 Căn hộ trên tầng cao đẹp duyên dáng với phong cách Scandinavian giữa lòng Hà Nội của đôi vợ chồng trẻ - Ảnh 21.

* * *

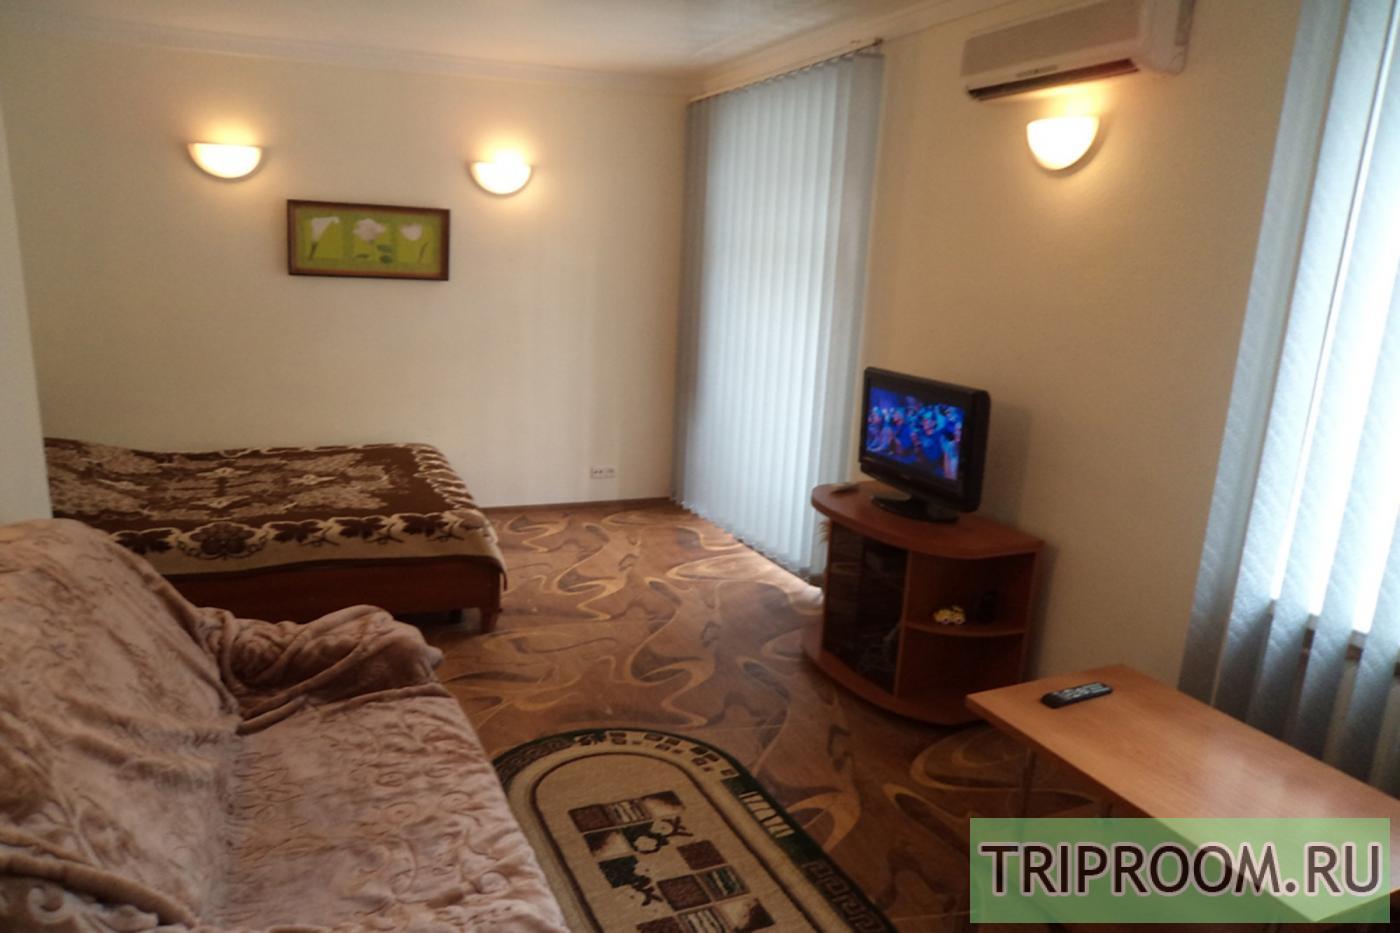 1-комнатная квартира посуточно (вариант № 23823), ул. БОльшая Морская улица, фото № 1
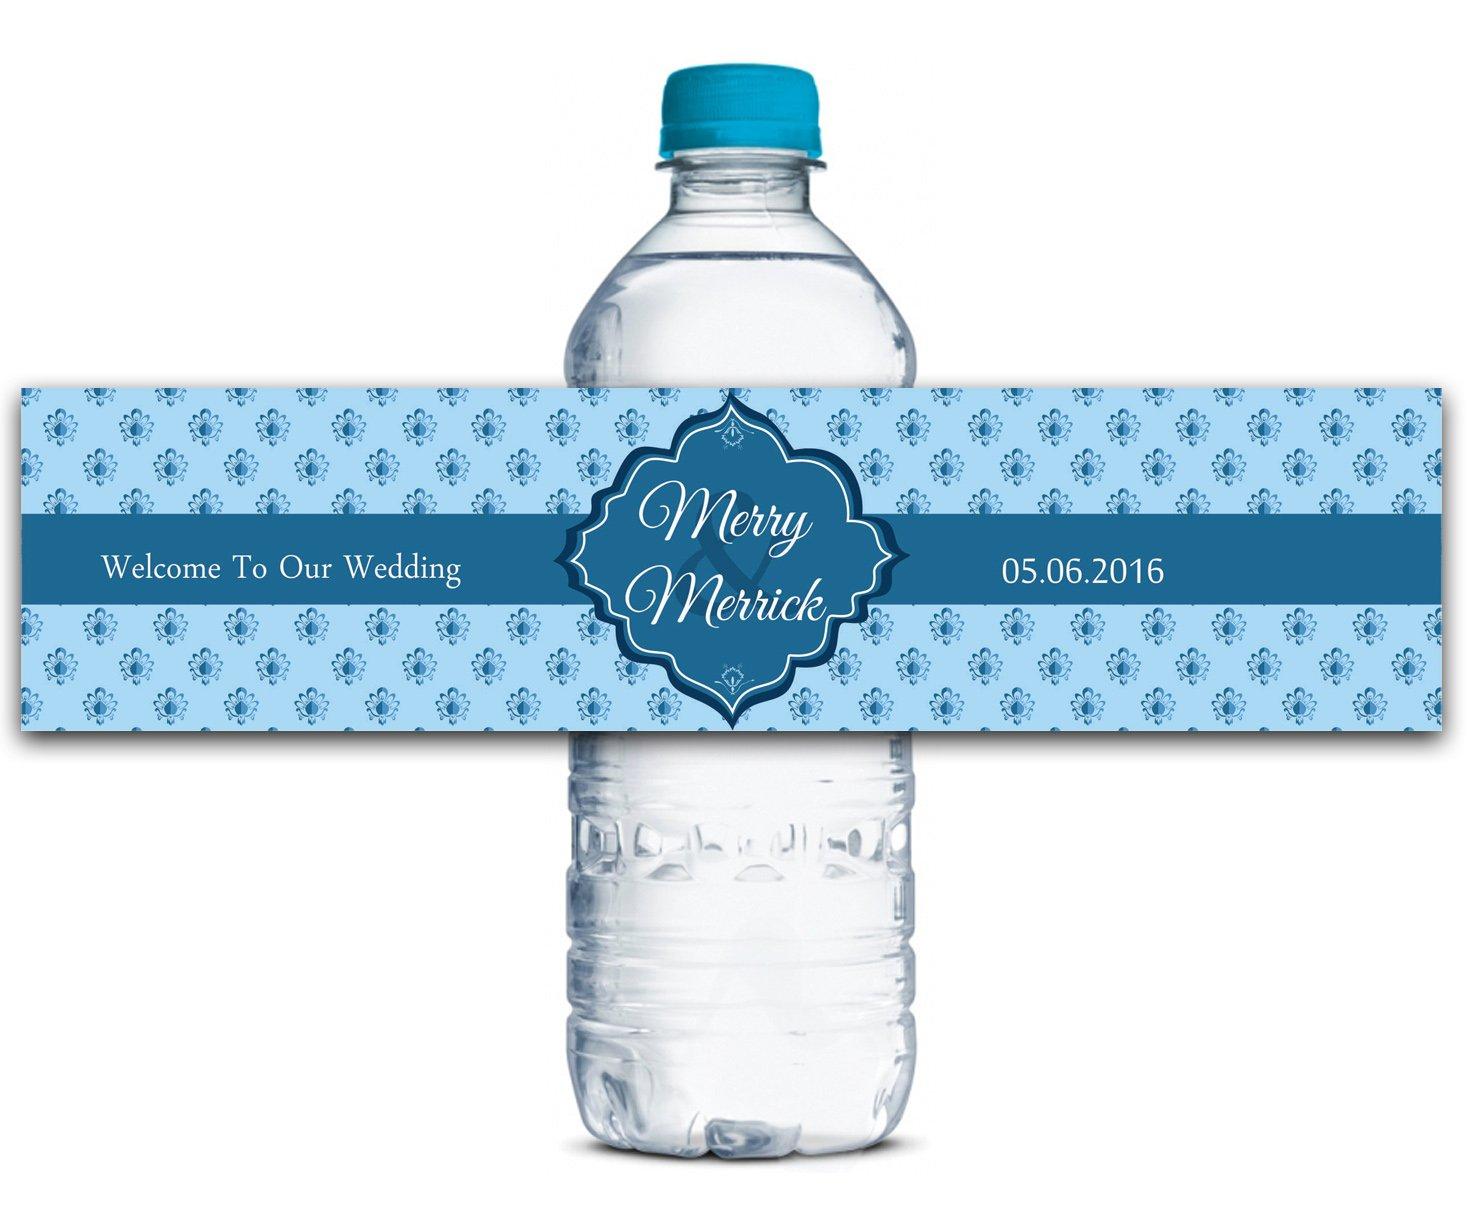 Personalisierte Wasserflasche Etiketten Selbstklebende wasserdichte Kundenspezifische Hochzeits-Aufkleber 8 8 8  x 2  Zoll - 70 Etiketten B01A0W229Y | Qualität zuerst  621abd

==

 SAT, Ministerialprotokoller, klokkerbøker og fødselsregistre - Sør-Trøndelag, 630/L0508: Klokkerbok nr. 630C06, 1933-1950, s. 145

- [Exercise objective] Above are the records; restate exactly the lines from the one containing "1-комнатная квартира посуточно" through the one containing "Personalisierte Wasserflasche Etiketten", keeping pictures out.

- [Response]
 1-комнатная квартира посуточно (вариант № 23823), ул. БОльшая Морская улица, фото № 1
 Personalisierte Wasserflasche Etiketten Selbstklebende wasserdichte Kundenspezifische Hochzeits-Aufkleber 8 8 8  x 2  Zoll - 70 Etiketten B01A0W229Y | Qualität zuerst  621abd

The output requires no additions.